+++ RECORDED DATA +++

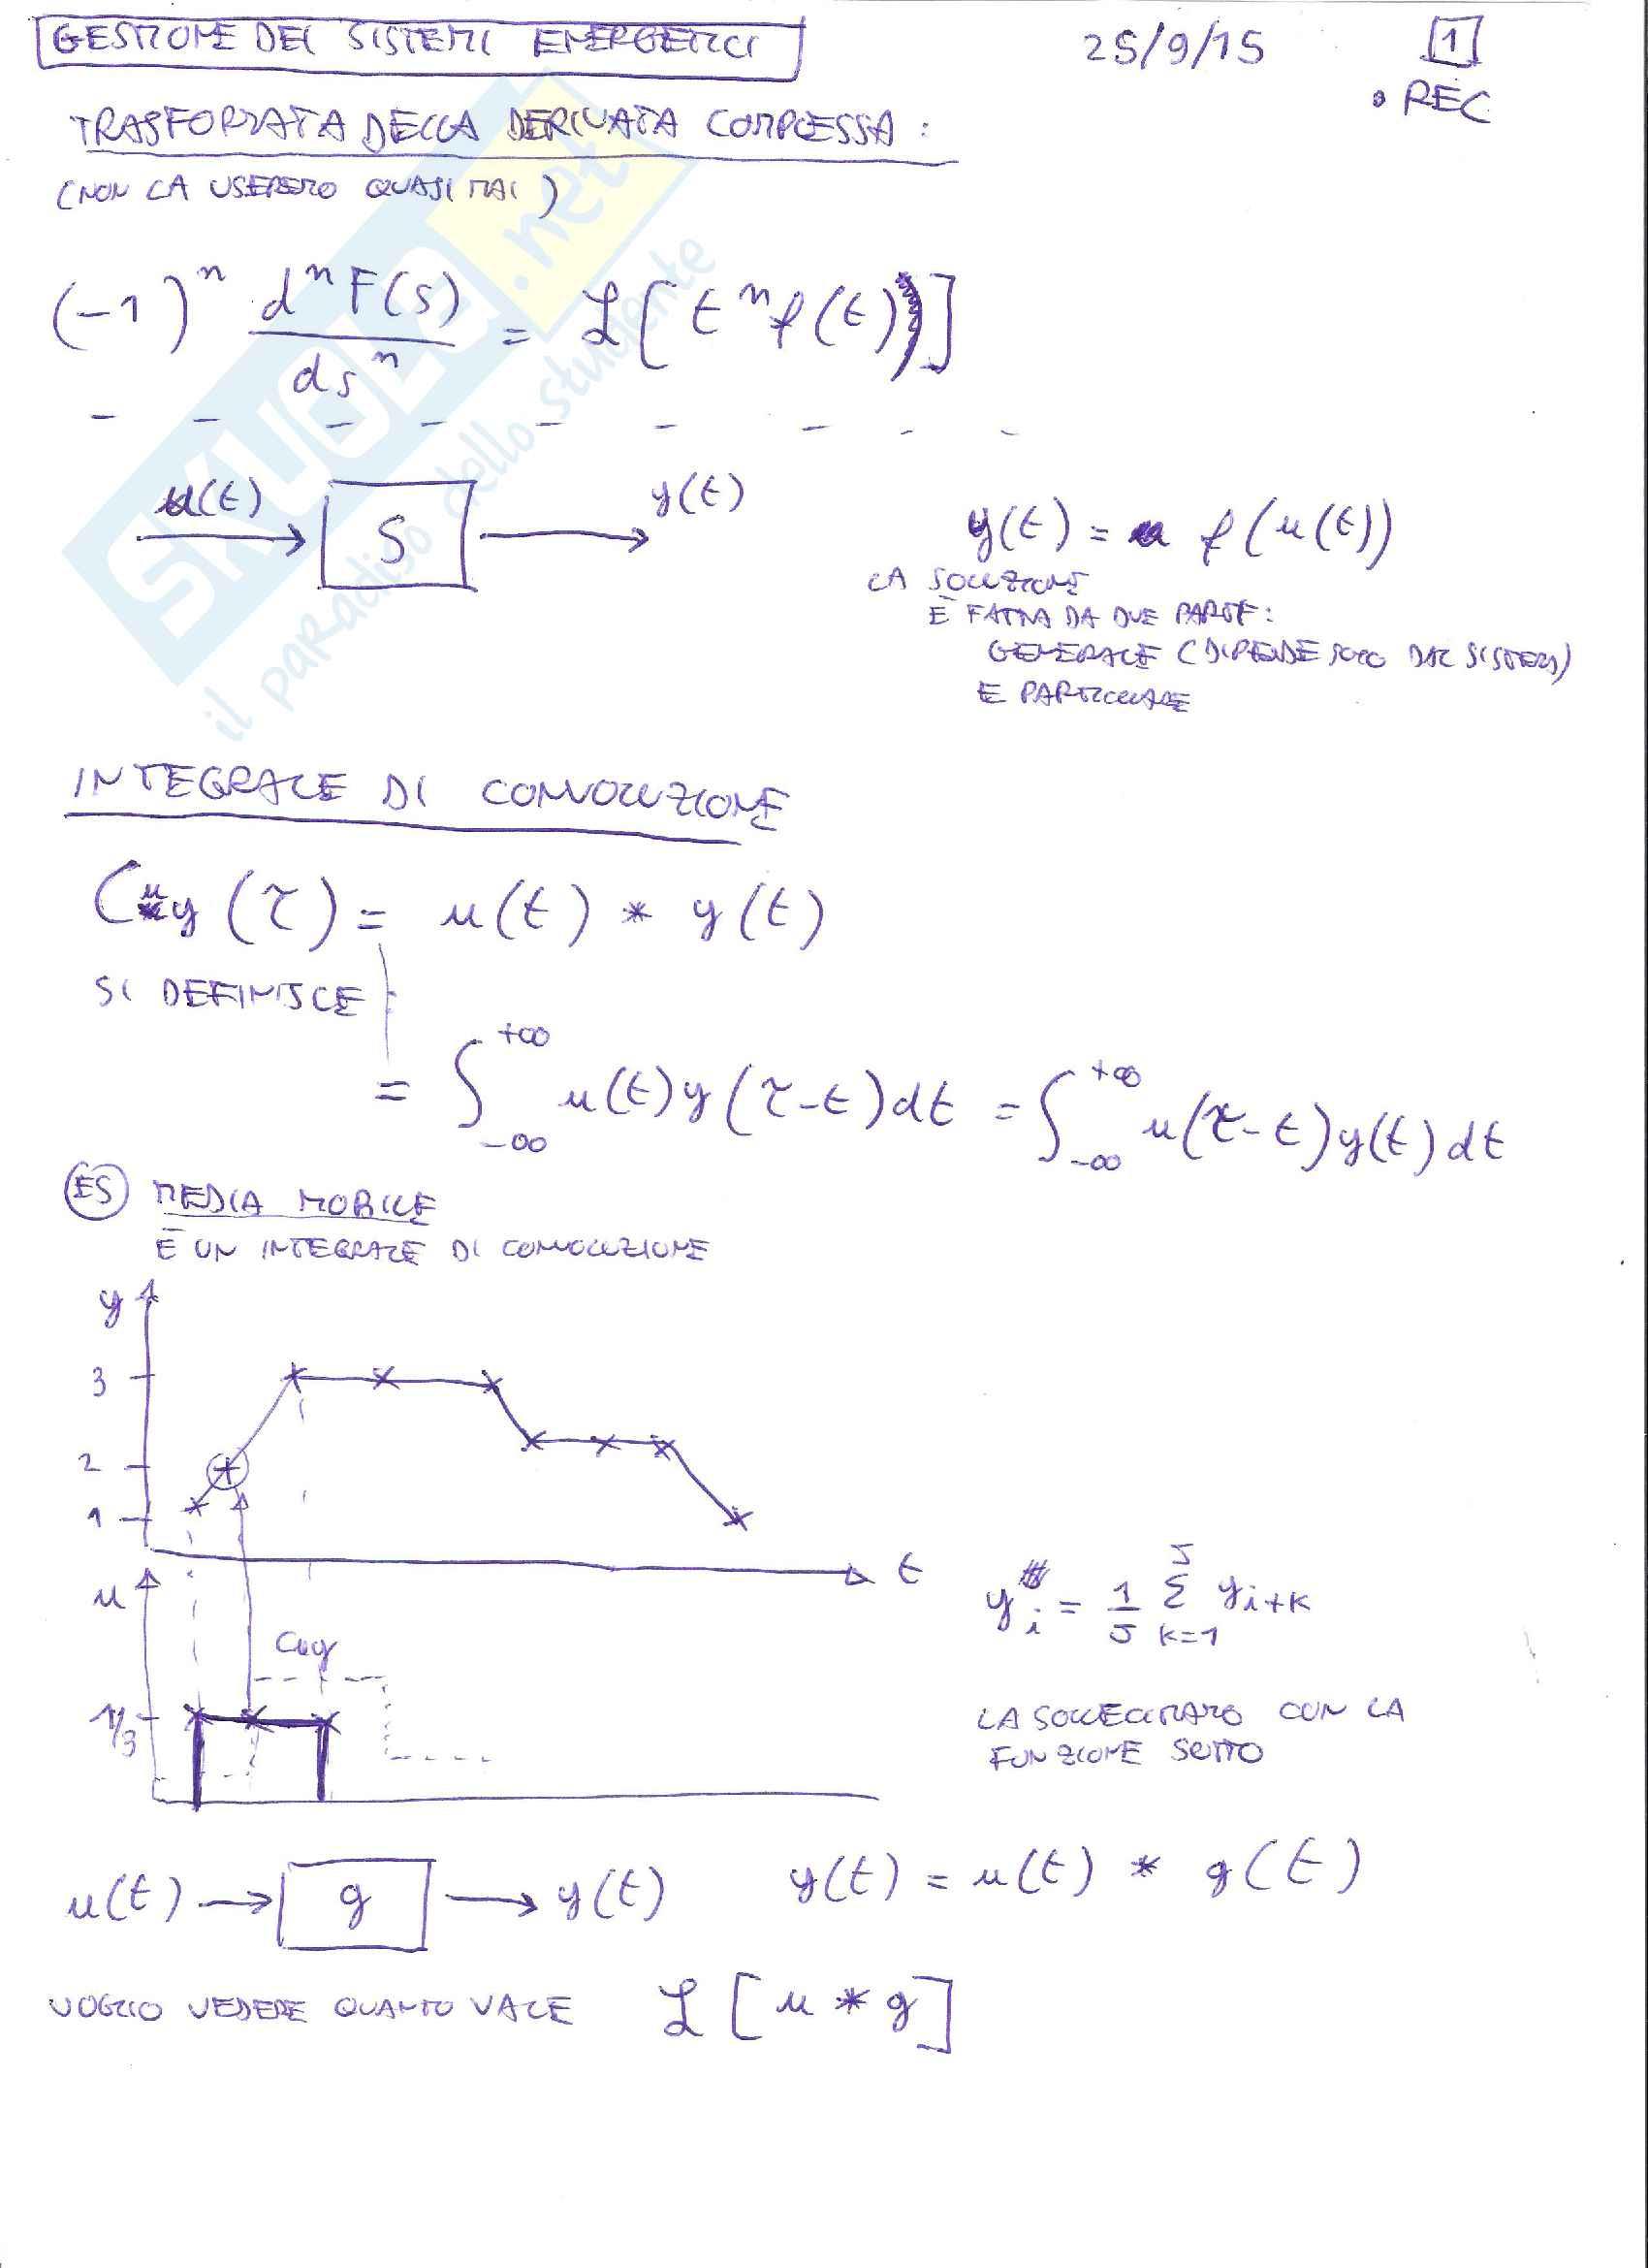 Gestione dei Sistemi Energetici M - Appunti Pag. 11
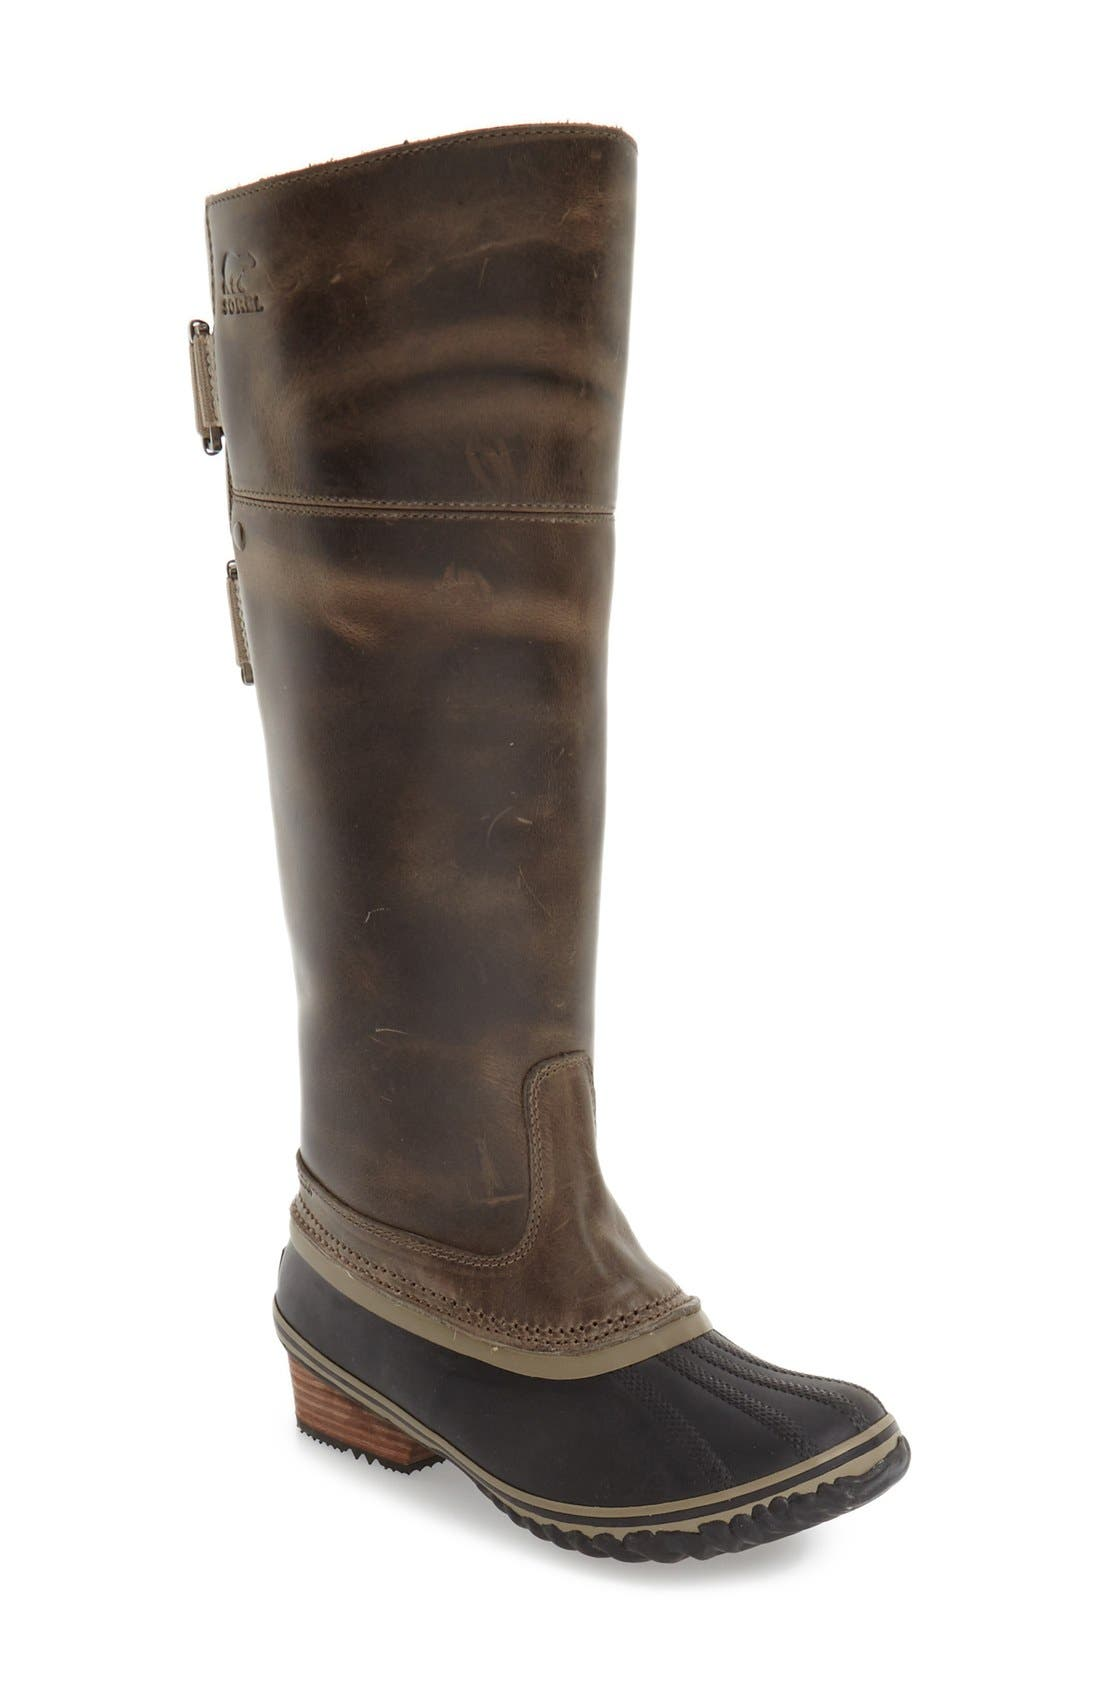 Main Image - SOREL 'Slimpack II' Waterproof Riding Boot (Women)
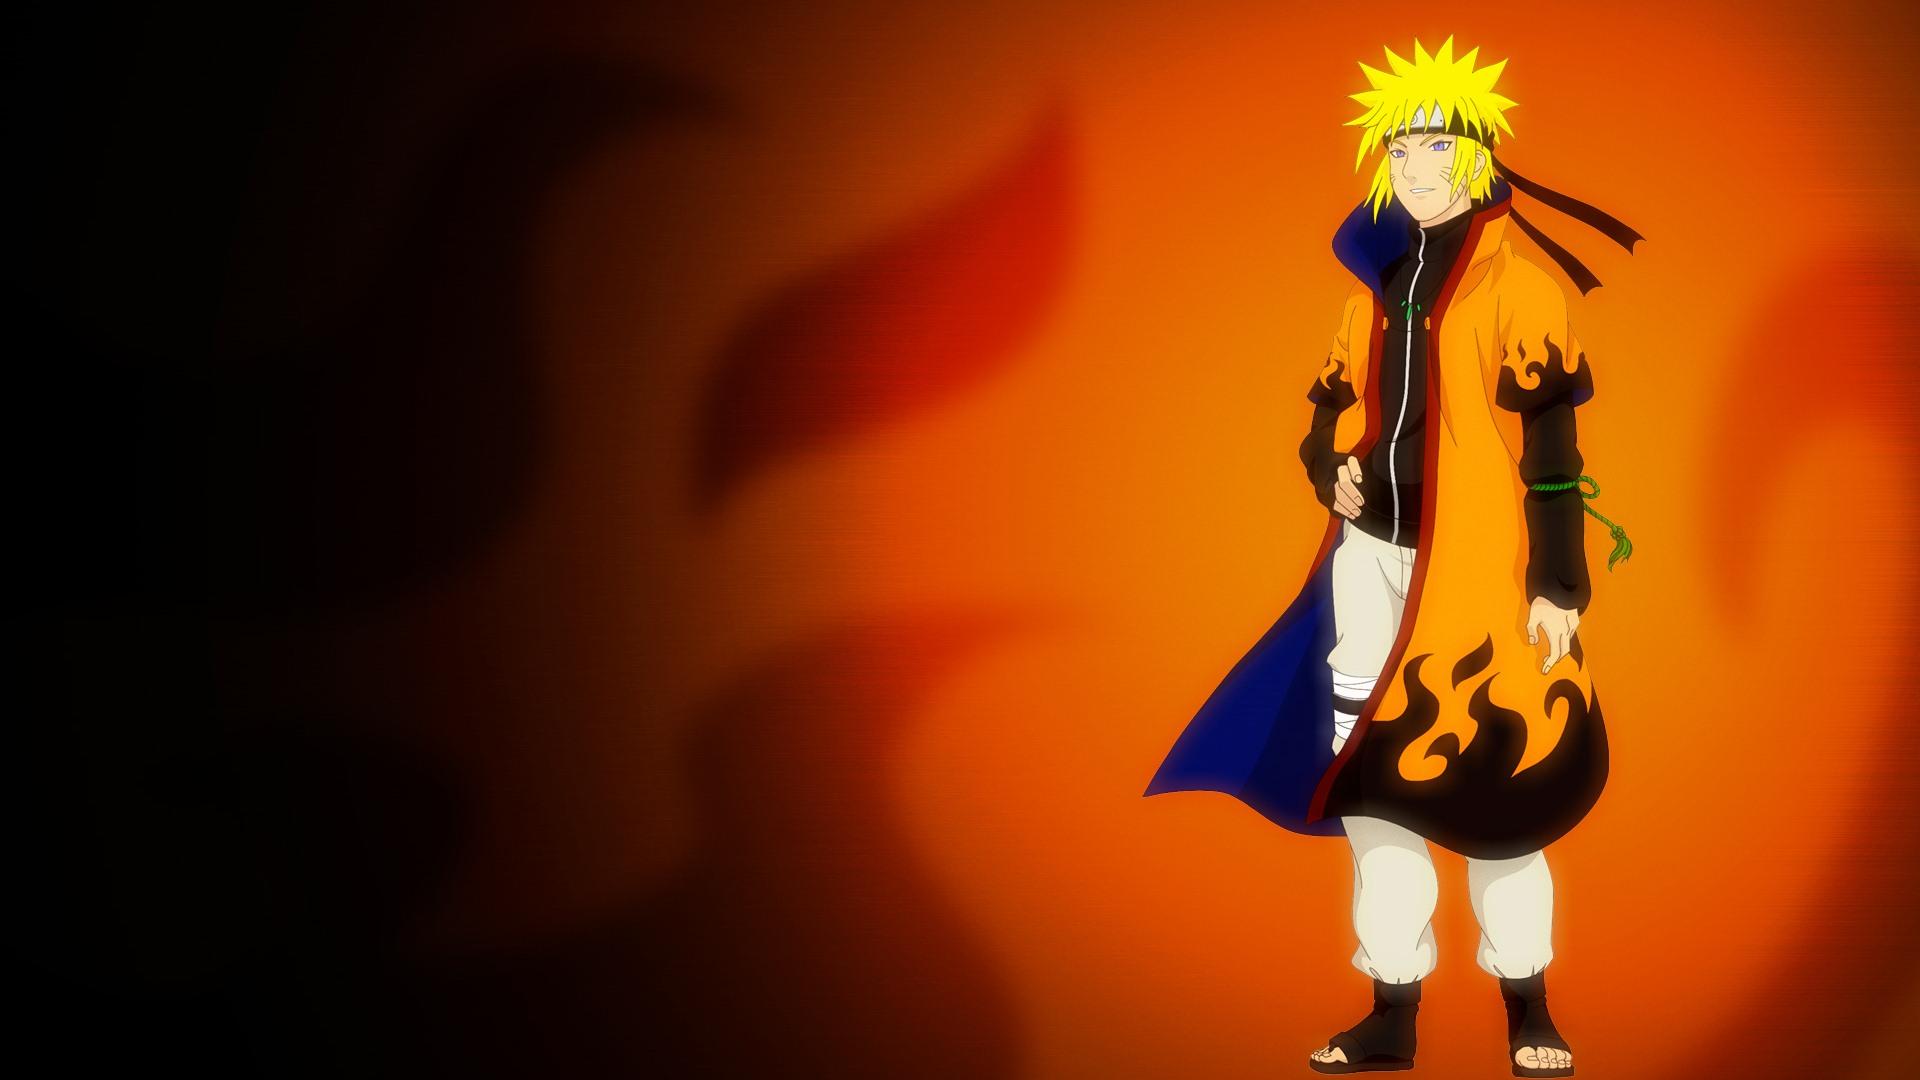 50 Naruto Hd Wallpapers For Desktop On Wallpapersafari

+++

# WHAT TO PRODUCE
Exclude the pictures and give back the rest of the data above exactly as written.

# ANSWER
 Gestione dei Sistemi Energetici M - Appunti Pag. 11
 Main Image - SOREL 'Slimpack II' Waterproof Riding Boot (Women)
 50 Naruto Hd Wallpapers For Desktop On Wallpapersafari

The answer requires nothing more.